[DIRECTIONS FOR THIS TASK] Look through the records below for the line with "The Wrestler (2008) DVD Nuovo". Return that line and each one after it up to and including the line with "Cowabunga Pizza Ninja", exactly.

[TASK INPUT]
+ + + + + + +
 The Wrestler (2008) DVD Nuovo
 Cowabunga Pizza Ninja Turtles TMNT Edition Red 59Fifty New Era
+ + + + + + +
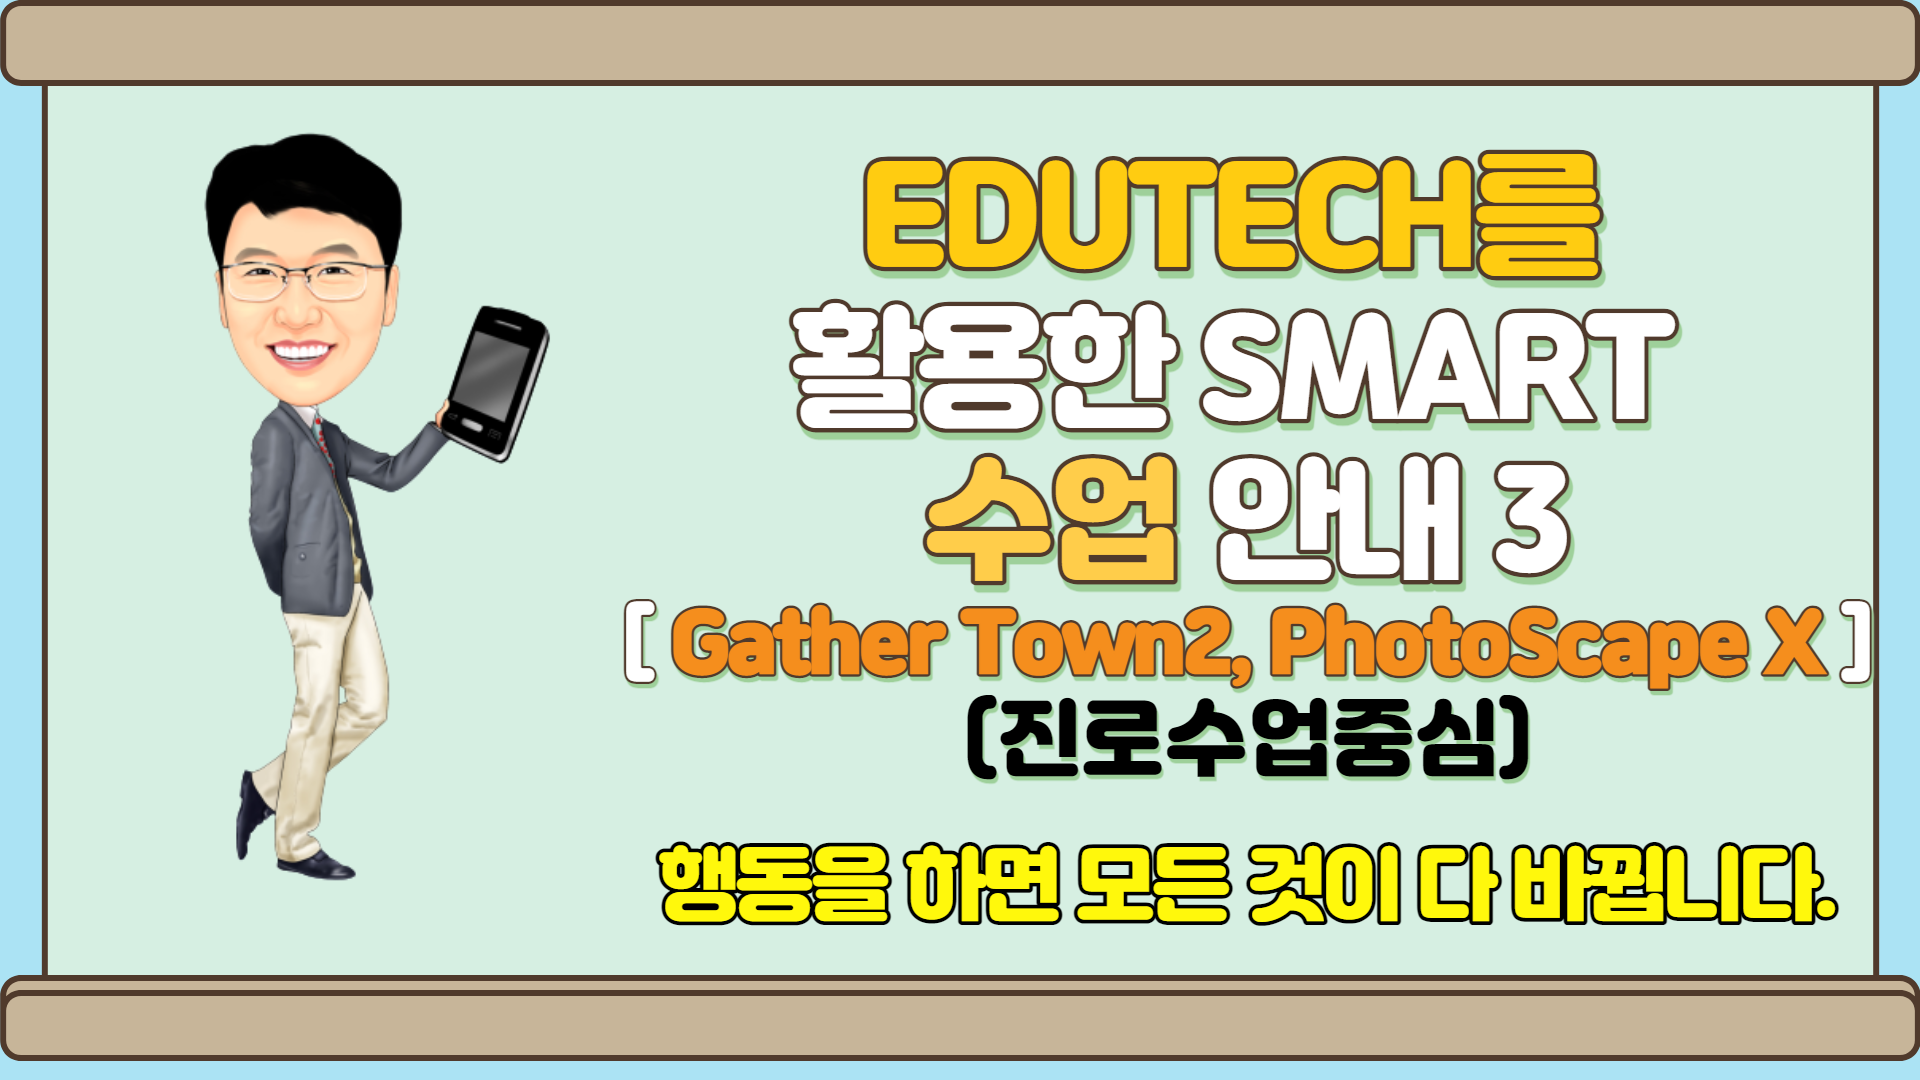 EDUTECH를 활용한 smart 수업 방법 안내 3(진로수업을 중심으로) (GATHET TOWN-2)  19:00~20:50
+ + + + + + +
[OUTPUT OF THE TASK]
 The Wrestler (2008) DVD Nuovo
 Cowabunga Pizza Ninja Turtles TMNT Edition Red 59Fifty New Era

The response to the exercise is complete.